The shift in direction is decisive. The arguments over bike lanes are
settled. Theyre becoming what they should have long been: an ordinary way
of getting around our cities.
Charles Feaver
Bike Winnipeg
Councillor wants 2022 budget to increase funding for green transportation
Boost to cycling options peddled
https://www.winnipegfreepress.com/local/boost-to-cycling-options-peddled-57…
THE public works committee chairman is calling for a major increase to the
City of Winnipeg’s active transportation spending.
Coun. Matt Allard wants the 2022 budget process to consider such funding
that equals 10 per cent of the annual road construction budget. The
investment could build up cycling and pedestrian routes, which would help
reduce greenhouse gas emissions and combat climate change, he says.
“Every year, we emit more and more carbon, and we need to find ways to
reduce the amount of carbon that we’re putting into the atmosphere,” Allard
said Thursday. “In order to make (Winnipeg’s) climate action plan deliver
what it intends to, we need to add that meat on the bones to ensure we
(complete the active transportation network).”

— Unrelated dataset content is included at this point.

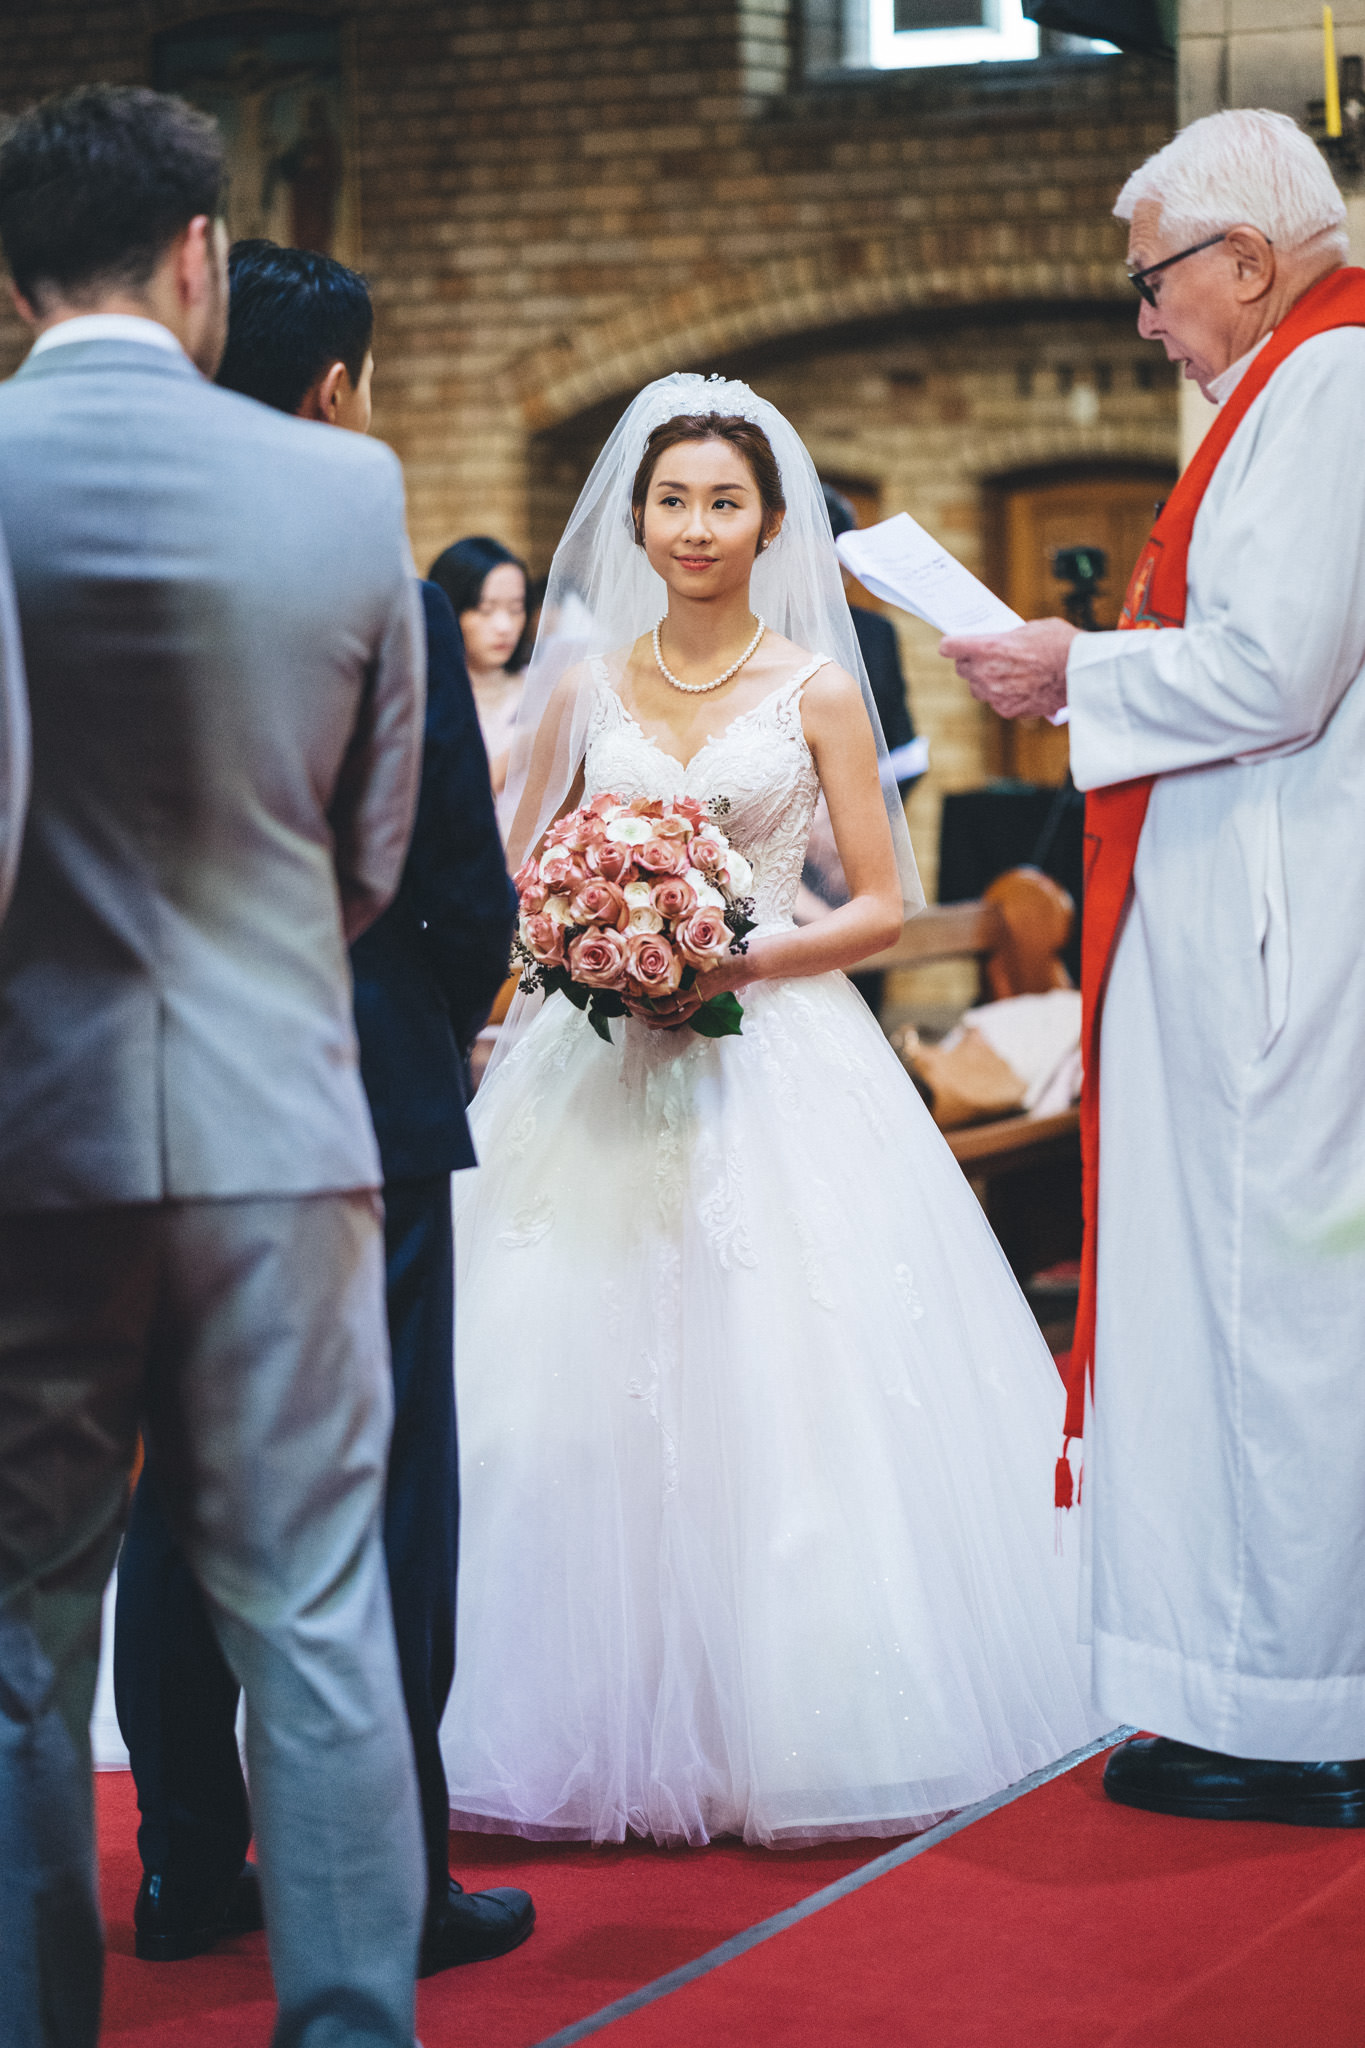 Ann-Marie-Yuen-Photography0043.jpg
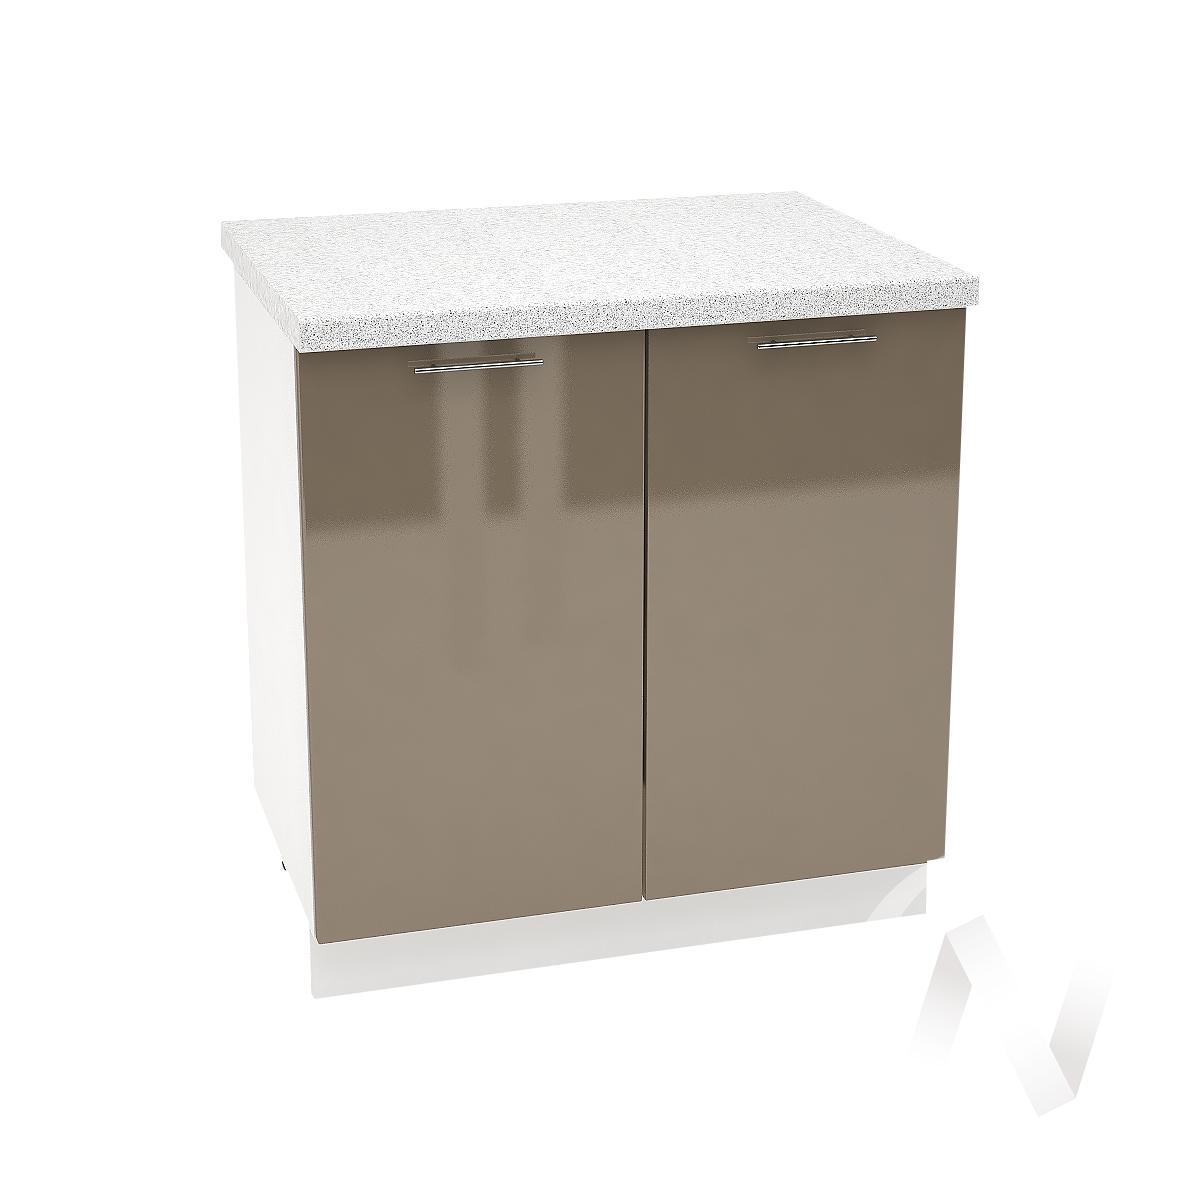 "Кухня ""Валерия-М"": Шкаф нижний 800, ШН 800 (Капучино глянец/корпус белый)"

At $1.7 million, dedicated spending for active transportation falls far
below that amount in 2021, with a roads budget of $152 million. If Allard’s
change is approved for 2022, it would increase the AT budget from a
forecast $2.3 million to $16.2 million (based on a projected road budget of
$162 million).
The St. Boniface councillor said some AT spending occurs separately within
specific road projects. But he said many road renewals don’t include it,
including 2021 projects at Roblin Boulevard and Day Street.
Allard also wants council to make active transportation investments
eligible for revenue raised through annual tax hikes.
Mayor Brian Bowman has promised to cap the property tax hike at 2.33 per
cent again in 2022, with two per cent earmarked for roads and bridges and
0.33 per cent for rapid transit.
Allard said increased AT funding would help the city ensure half of all
local trips involve greener modes of transportation than single-passenger
vehicles by 2030, one of its key climate change goals.
“For every bicycle used in a commute, that’s one less car on the road,” said
Allard.
The proposed funding hike is welcome but meets the minimum investment
needed for cycling and pedestrian routes, said Mel Marginet, a workplace
commuter options co-ordinator at the Green Action Centre.
“That will give us a fighting chance to move forward on the pedestrian and
cycling strategies that the city already has,” said Marginet.
In 2015, city council approved a 20year, $334-million cycling and
pedestrian strategy
but actual investments have delayed its implementation.
With roughly 80 per cent of Winnipeggers choosing personal vehicles for
their trips, much more investment is needed to make the green
transportation options of walking, biking and bussing more convenient, said
Marginet.
“It’s really a shift in the paradigm… At this current time, cars go first
(in budget priority).”
Mark Cohoe, executive director of Bike Winnipeg, said active transportation has
been persistently underfunded in recent years, which leaves gaps in cycling
routes.
“(The current budget is) really just a fraction of what’s been needed... We
see it in an unconnected network,” said Cohoe, adding the extra funding
would spark a huge improvement.
Coun. Janice Lukes, a former public works chairwoman, said she supports
Allard’s proposals. However, she said he and other executive policy
committee members should never have allowed the AT budget to drop to its
current level. “We would have been much further ahead (on active
transportation) at this time (if they hadn’t),” said Lukes. “It’s gone down
millions.”
In 2019, for example, the preliminary budget included $3 million for active
transportation, down from a previously forecast $5.7 million.
The current forecast predicts the funding will drop to $1.7 million in
2023, and $1.4 million per year from 2024 to 2026.
Allard said provincial funding cuts played a role in the reduced investment
in recent years.
His motions will be considered by council’s public works committee Oct. 12.